§ Action item
In the material below, print every line exactly and omit the pictures.

(Beginning of Exercise data)

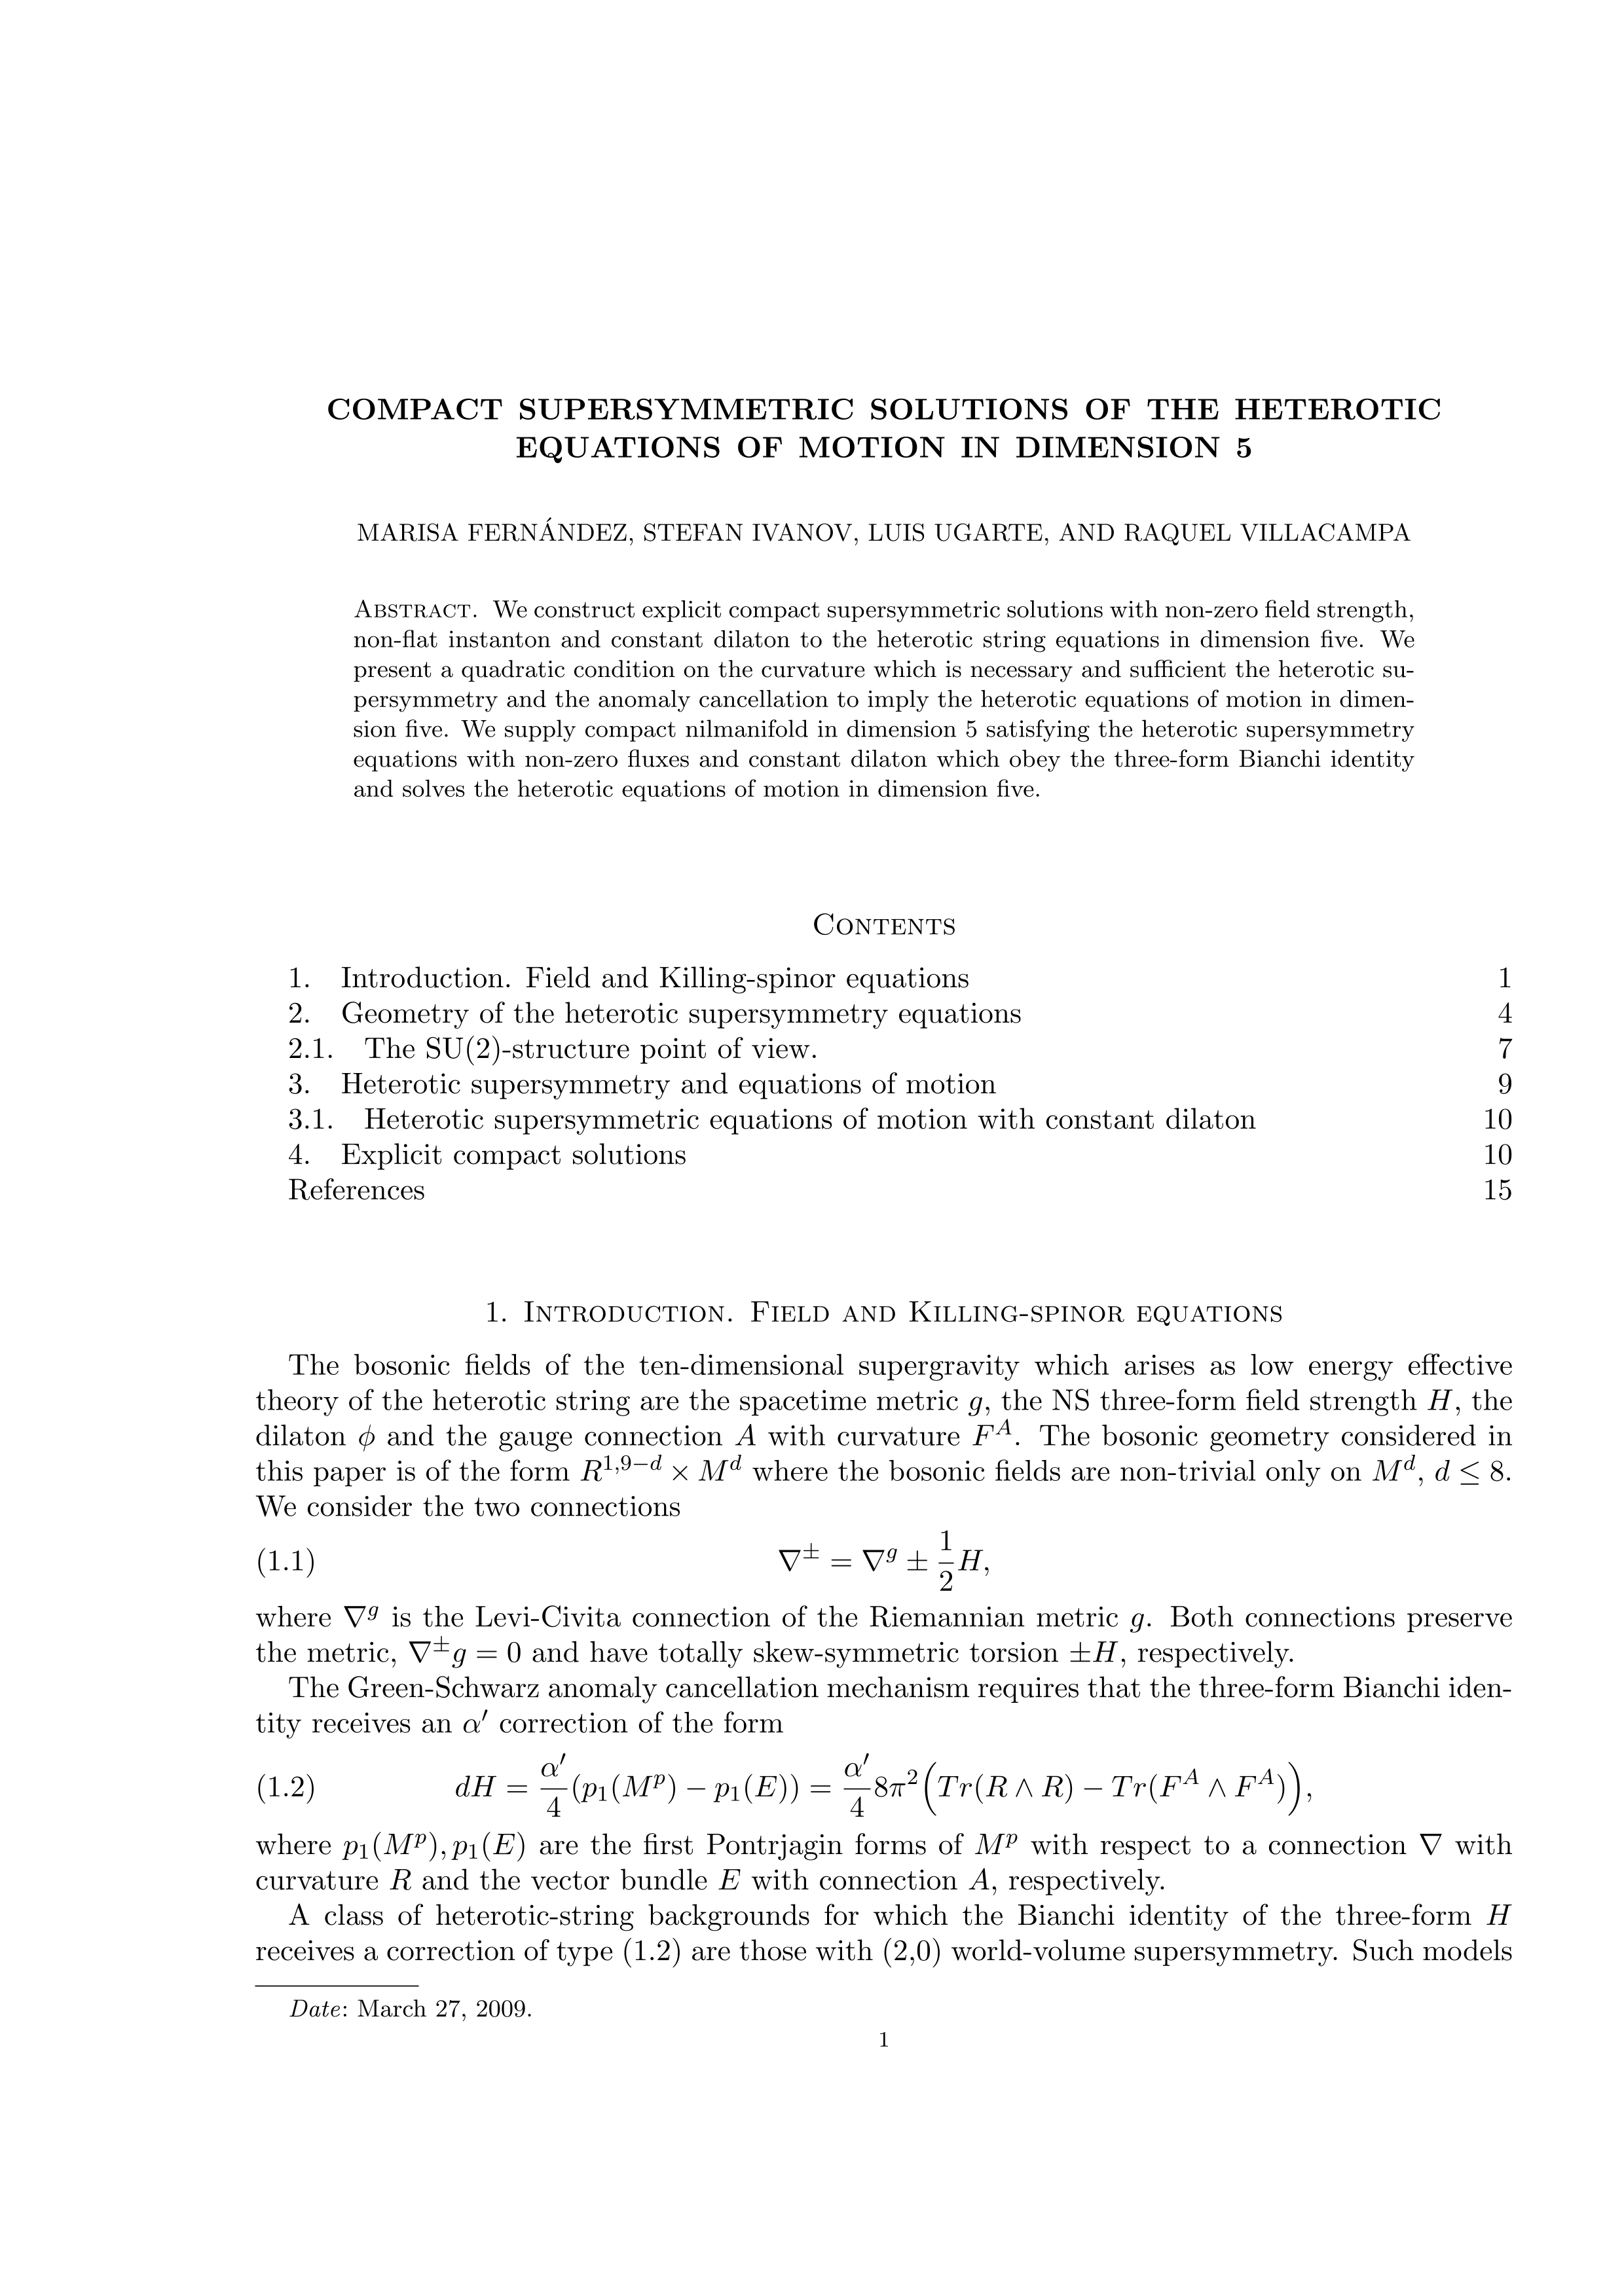 Compact Supersymmetric Solutions of the Heterotic Equations of Motion in Dimension 5
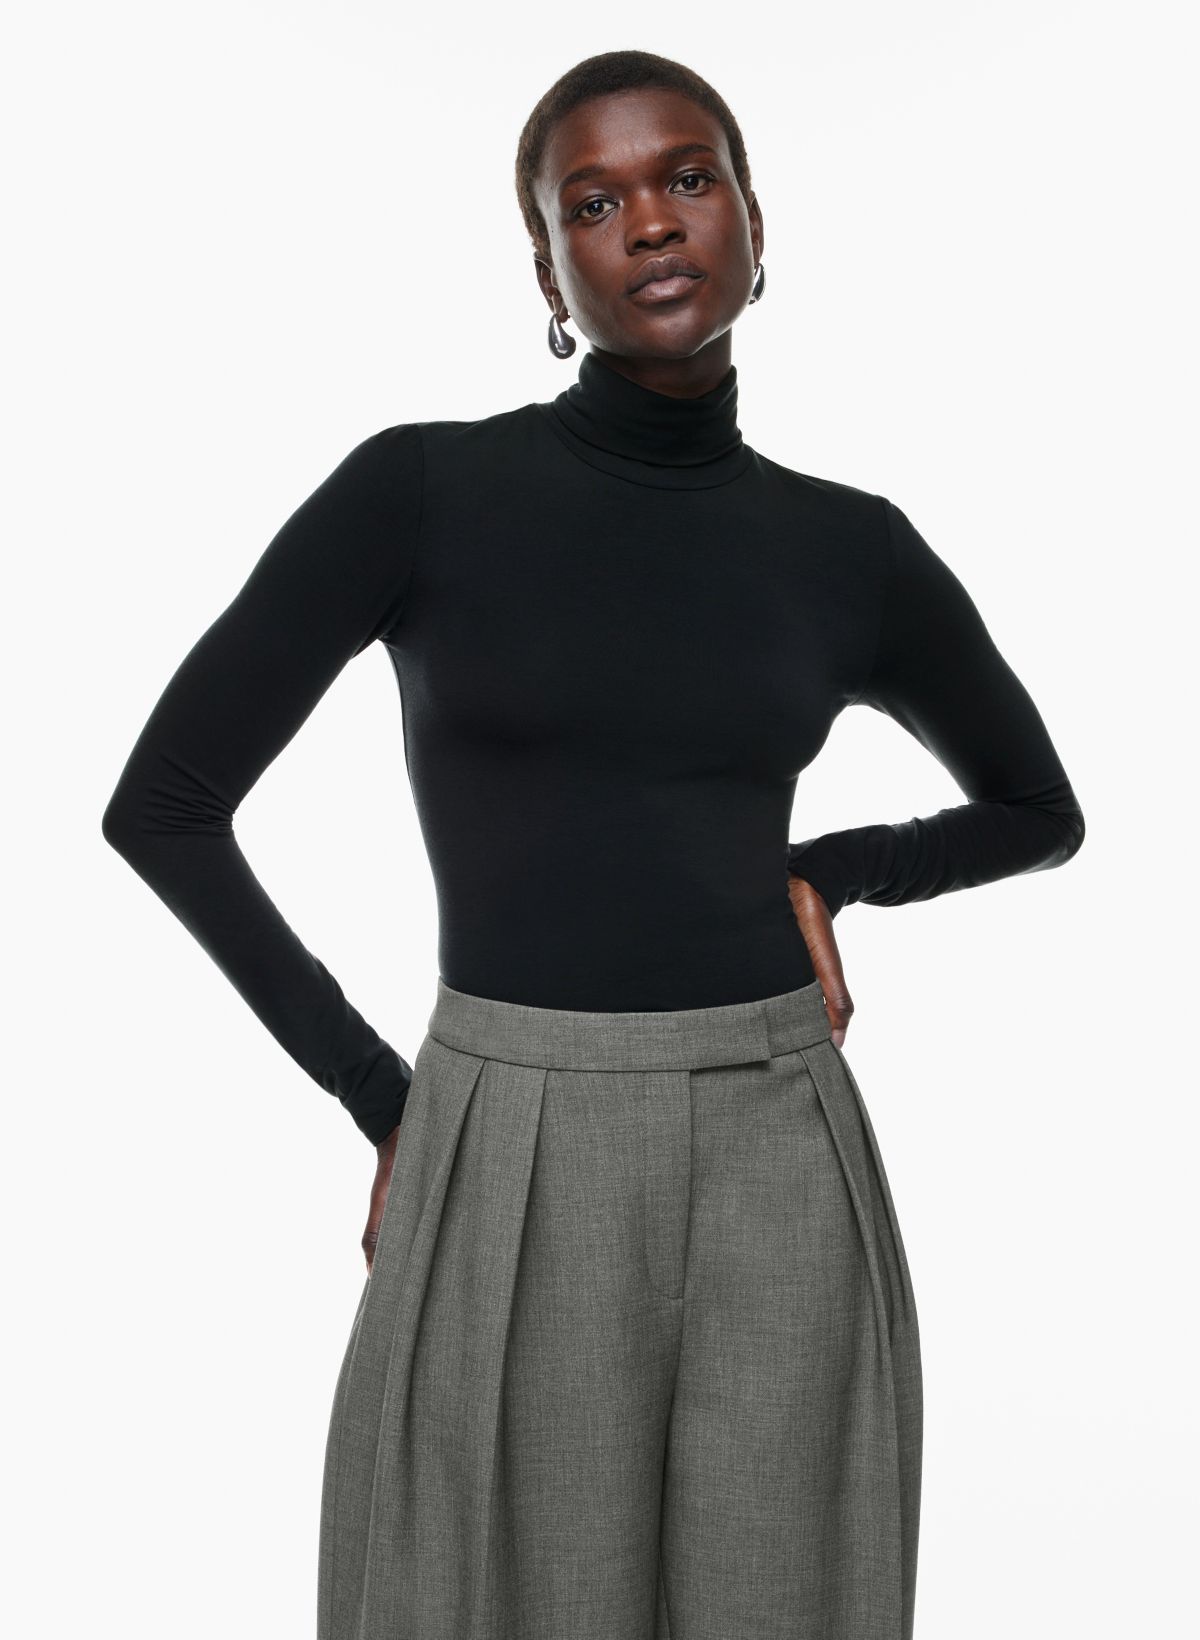 My Hunt for the Perfect Black Turtleneck Ended When I Discovered
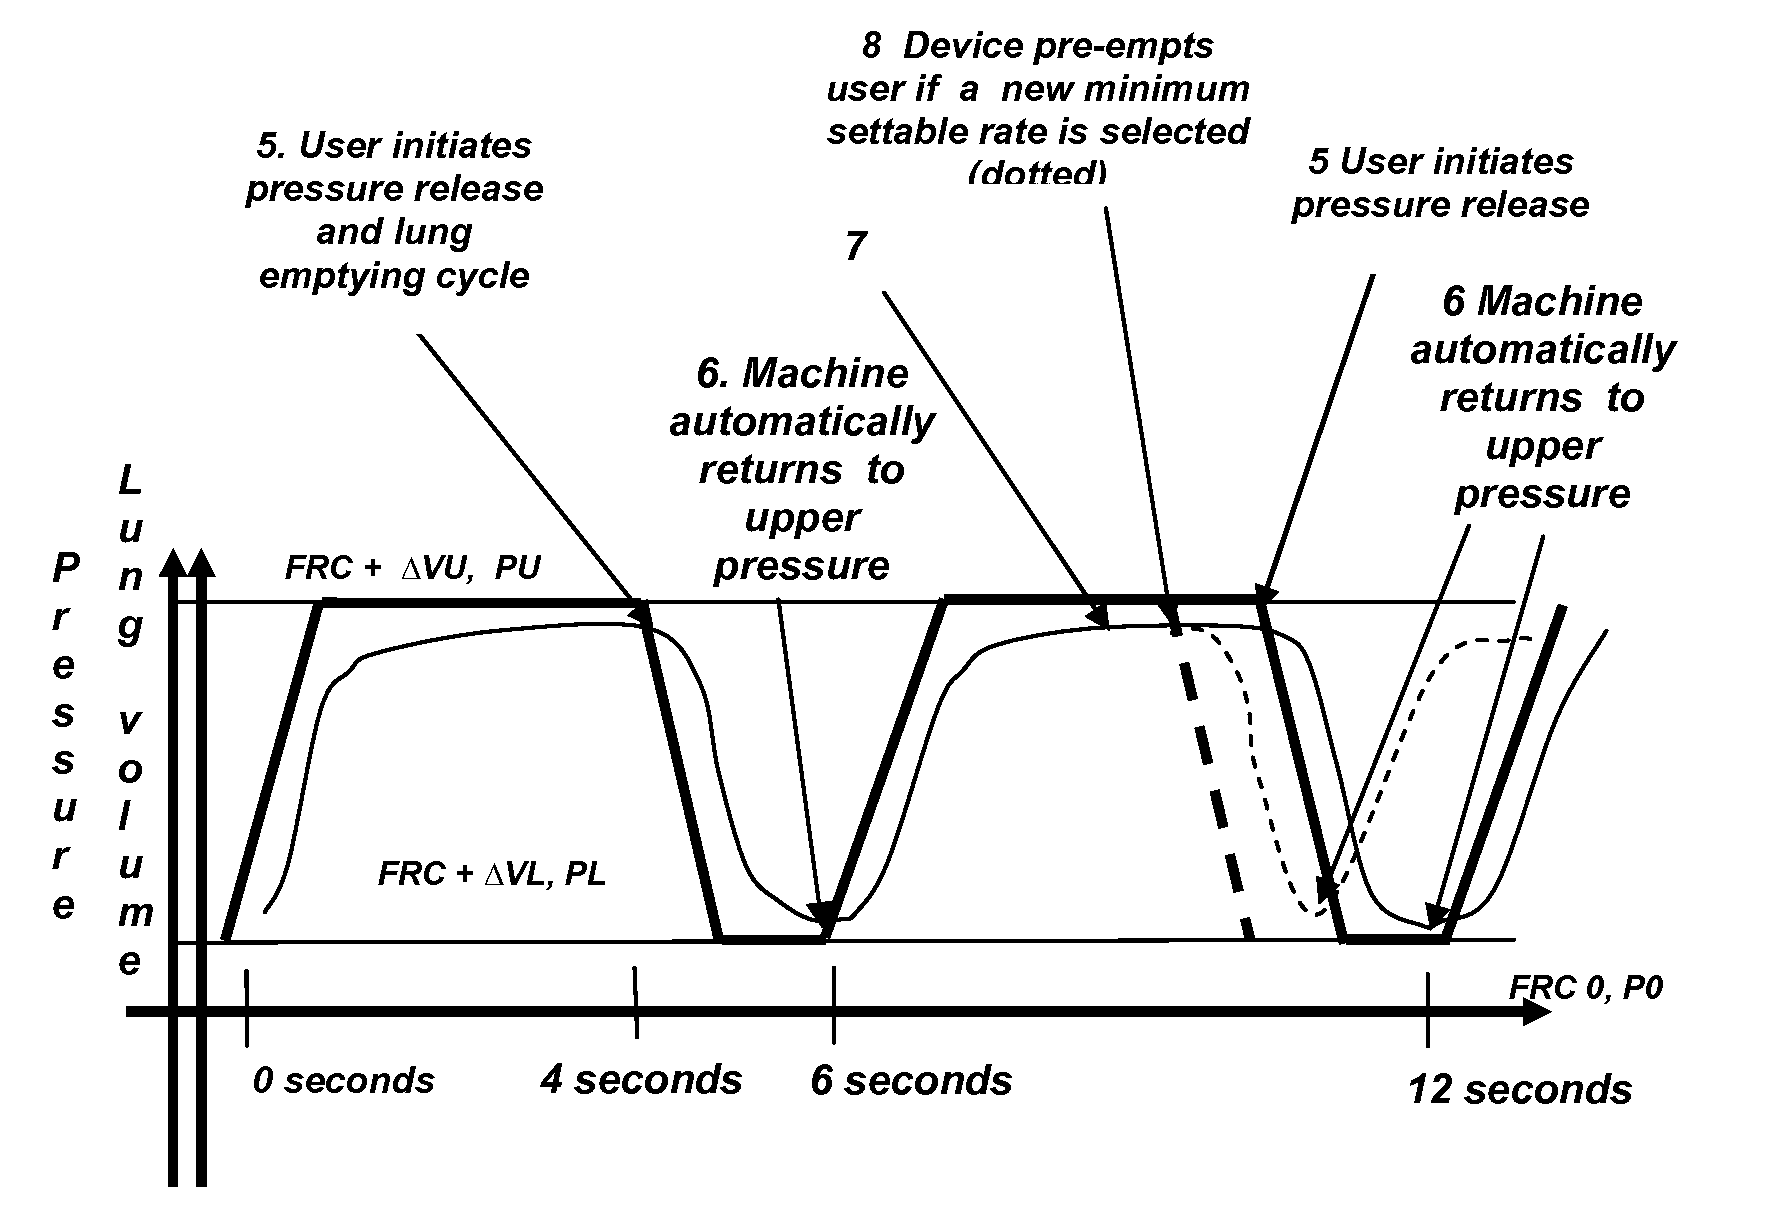 Automatic Positive Airway Pressure Therapy through the Nose or Mouth for Treatment of Sleep Apnea and Other Respiratory Disorders

(End of Exercise data)

§ Exercise solution
 Compact Supersymmetric Solutions of the Heterotic Equations of Motion in Dimension 5
 My Hunt for the Perfect Black Turtleneck Ended When I Discovered
 Automatic Positive Airway Pressure Therapy through the Nose or Mouth for Treatment of Sleep Apnea and Other Respiratory Disorders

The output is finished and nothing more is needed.